◆ PROBLEM TO SOLVE ◆
Print the data exactly. Omit the pictures.

[Opening PROVIDED DATA section]

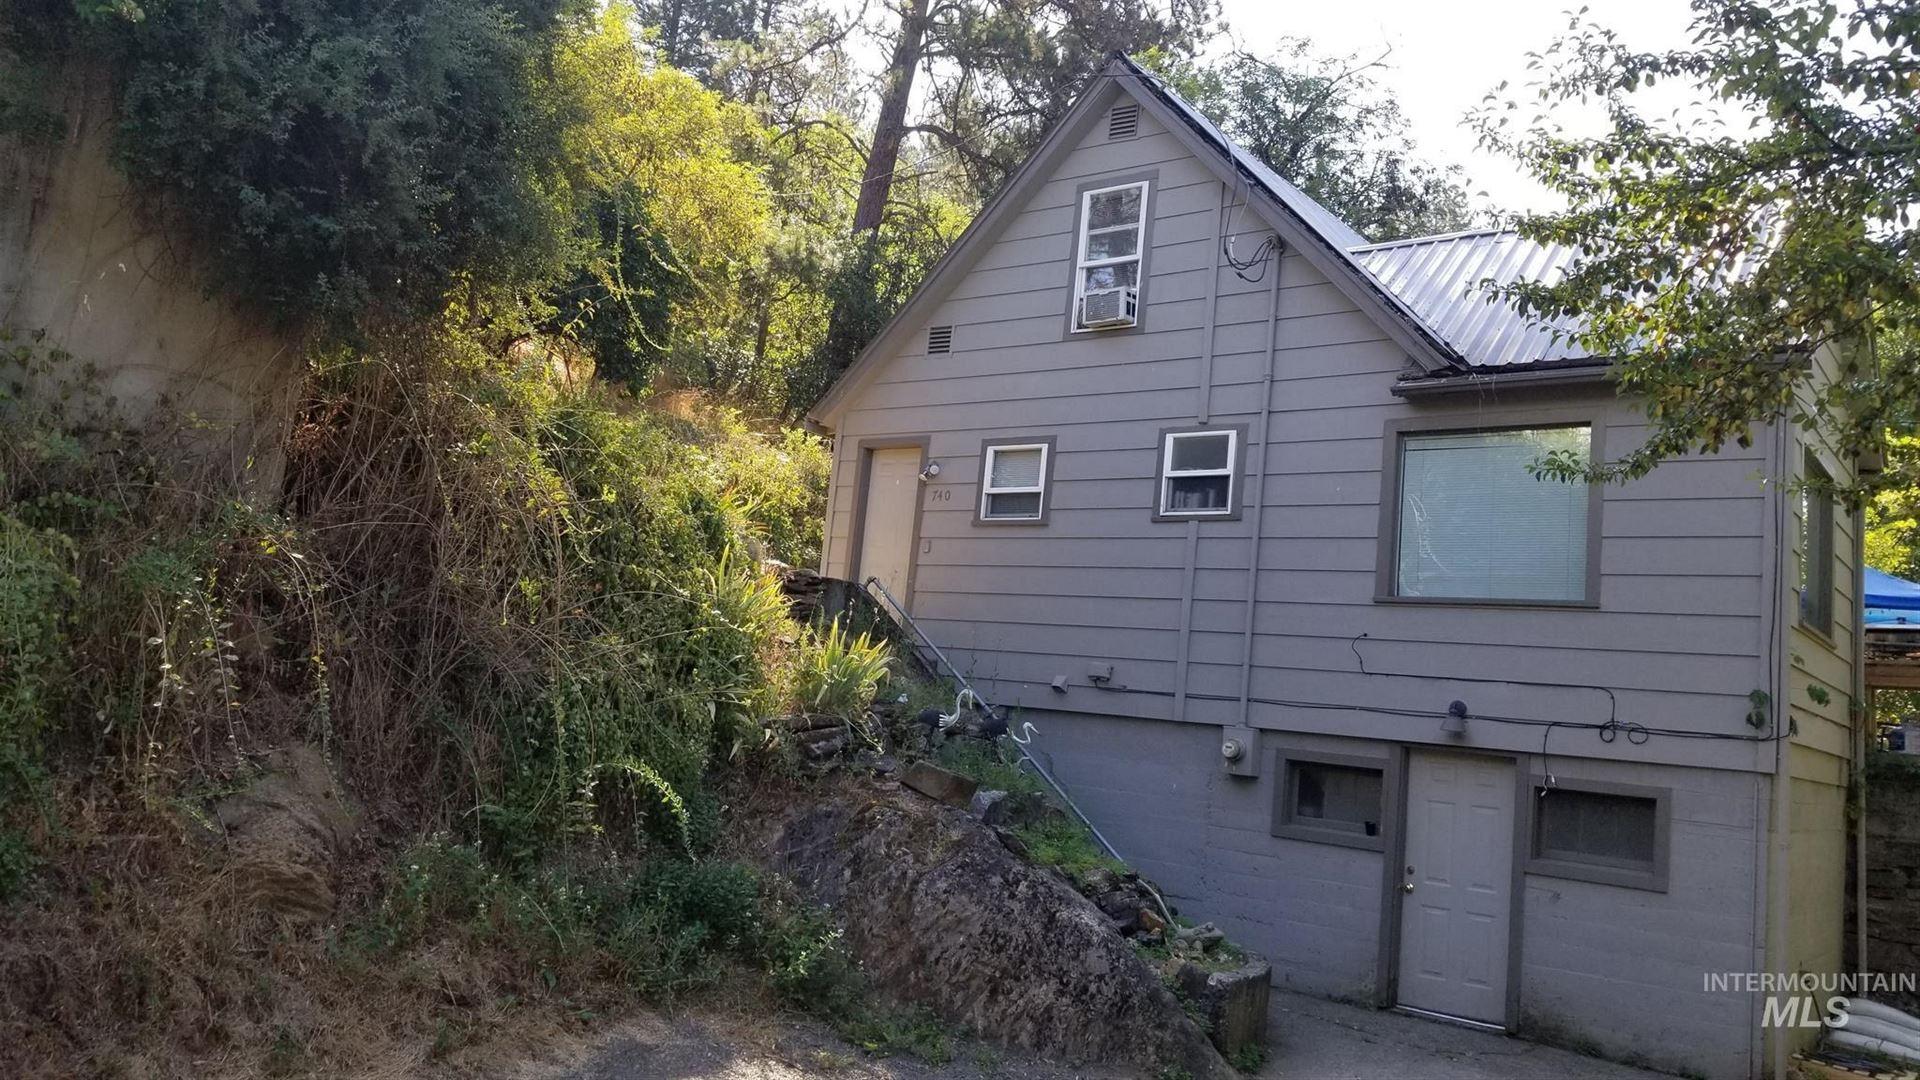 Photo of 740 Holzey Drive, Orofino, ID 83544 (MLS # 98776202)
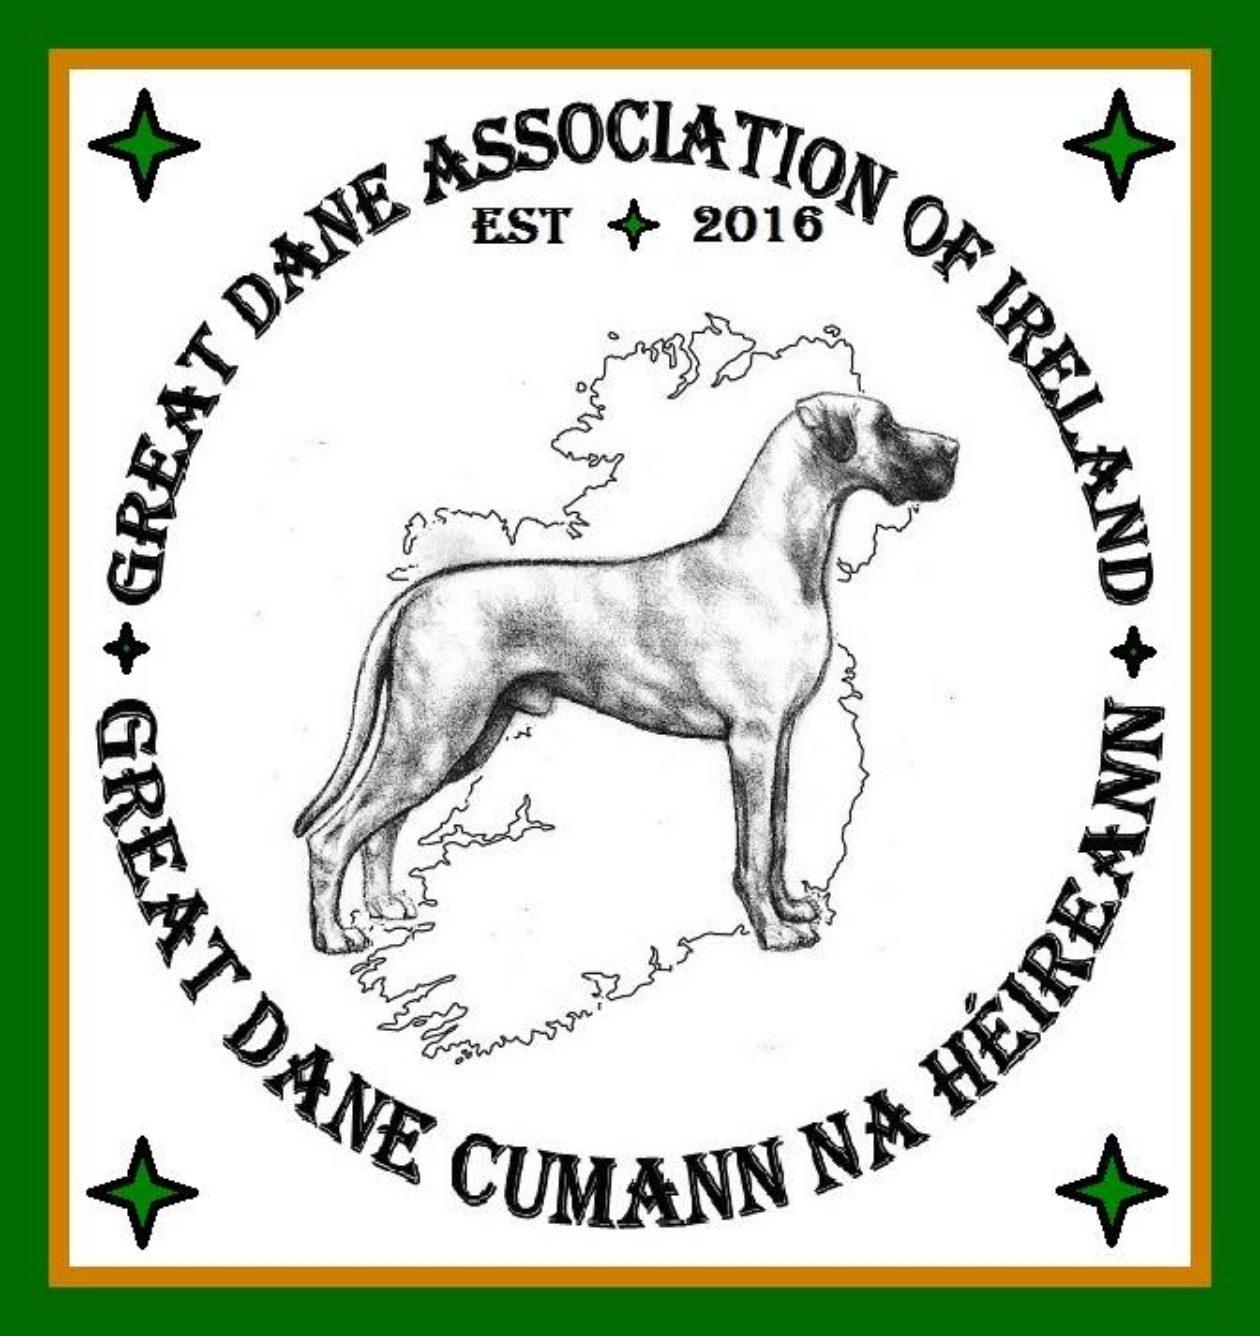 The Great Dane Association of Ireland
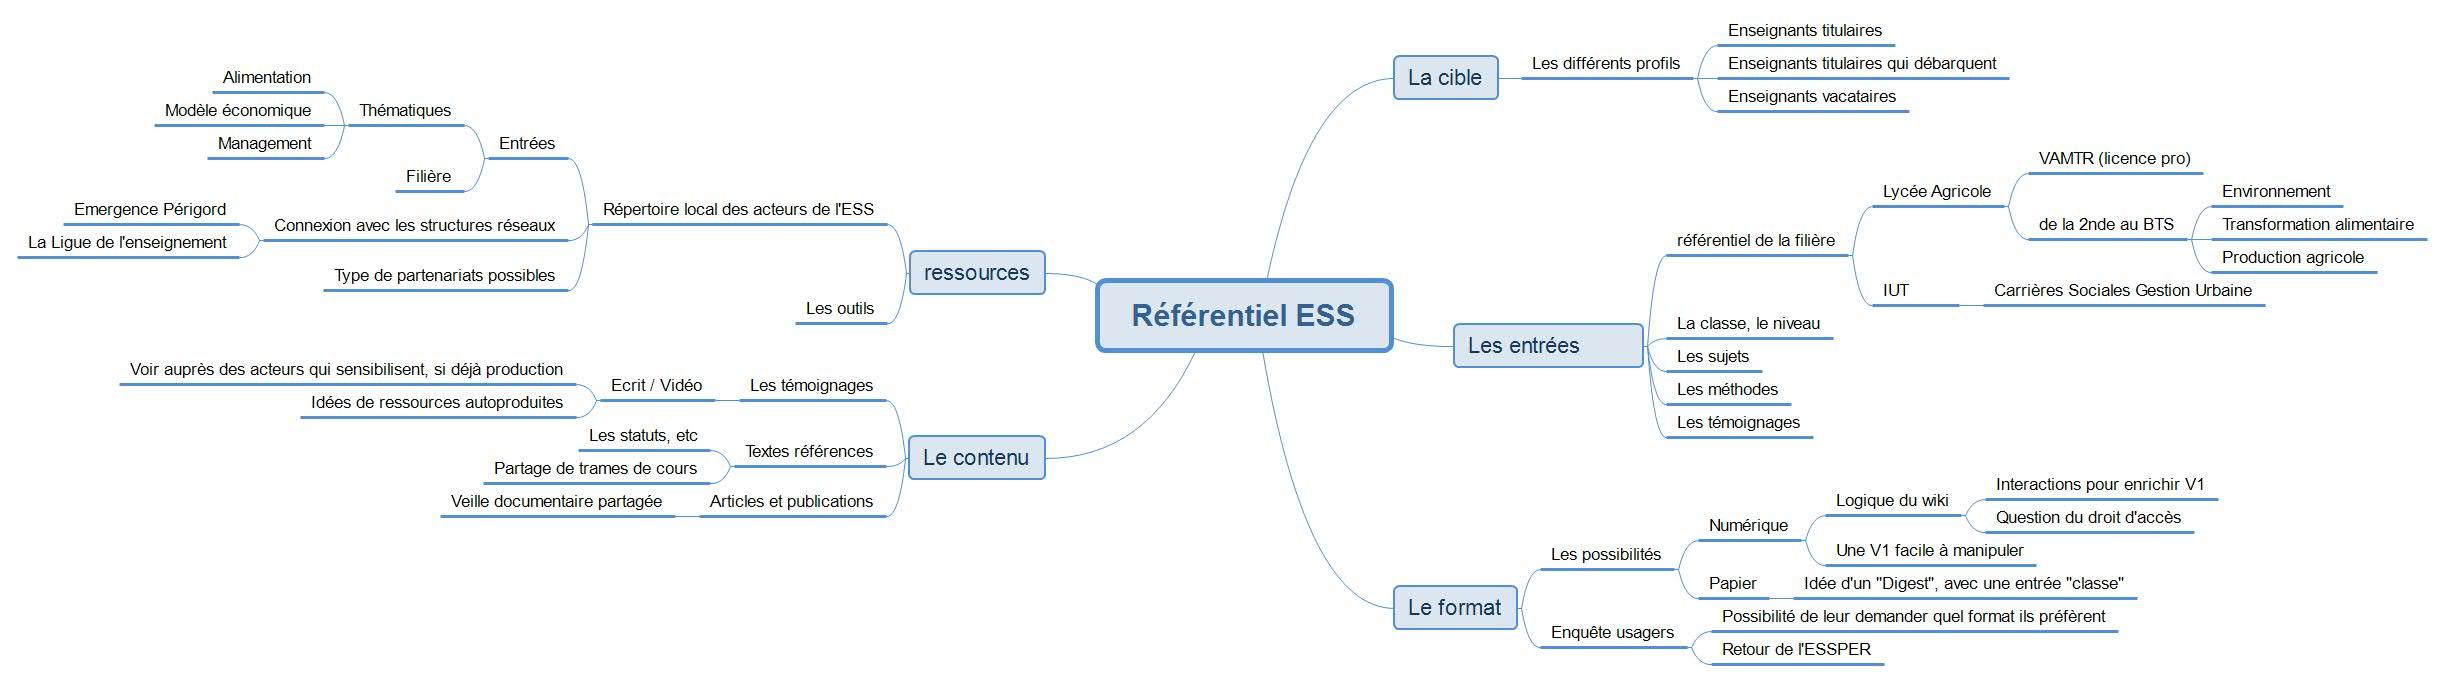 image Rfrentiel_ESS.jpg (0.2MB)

[Closing PROVIDED DATA section]

◆ WRITTEN ANSWER ◆
 Photo of 740 Holzey Drive, Orofino, ID 83544 (MLS # 98776202)
 The Great Dane Association of Ireland
 image Rfrentiel_ESS.jpg (0.2MB)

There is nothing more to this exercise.